Specific oncogenic pathways may induce specific sensitivity to targeted agents. There are no data concerning SRCC in recent trials testing targeted agents in gastric cancer. However, efficacy in diffuse type has been studied in a few trials. In the REGARDS trial, which was a phase III trial testing ramucirumab, an anti-VEGFR2 antibody, versus best supportive care in pretreated patients with gastric cancer, ramucirumab provided a significant benefit in overall survival[76]. In subgroup analysis, a high benefit was found in the diffuse type (HR = 0.56; 95%CI: 0.36-0.85), but not in the intestinal type, suggesting higher sensitivity to antiangiogenics. This was not found in the RAINBOW trial testing ramucirumab in combination with paclitaxel[77], or with targeted therapy including anti-HER2, which is validated in HER2-overexpressing gastric cancer[78]. However, diffuse type was a small subgroup in these trials, and so we cannot draw conclusions regarding specific sensitivity.
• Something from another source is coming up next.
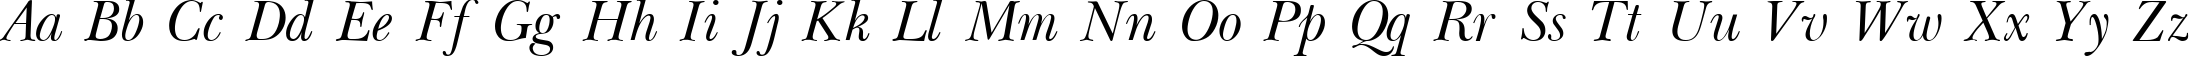 Пример написания английского алфавита шрифтом Baskerville Light Italic

Finally, immunotherapy should be tested in SRCC, as PDL1 is overexpressed in about 23% of cases of SRCC, and anti-PDL1 antibody is a promising treatment of GC[79].

In conclusion, whereas SRCC is thought to be less chemosensitive than non-SRCC, recent reports suggest it could have a specific sensitivity profile and be more sensitive to taxane-based chemotherapy or antiangiogenics. However, this has to be confirmed in a specific prospective trial. In a perioperative setting, the benefit of chemotherapy is controversial and a prospective randomized trial is under way to test this hypothesis. However, the chemotherapy regimen used is the old combination of epirubicin, cisplatin and fluorouracil, which may not be the optimal regimen in SRCC.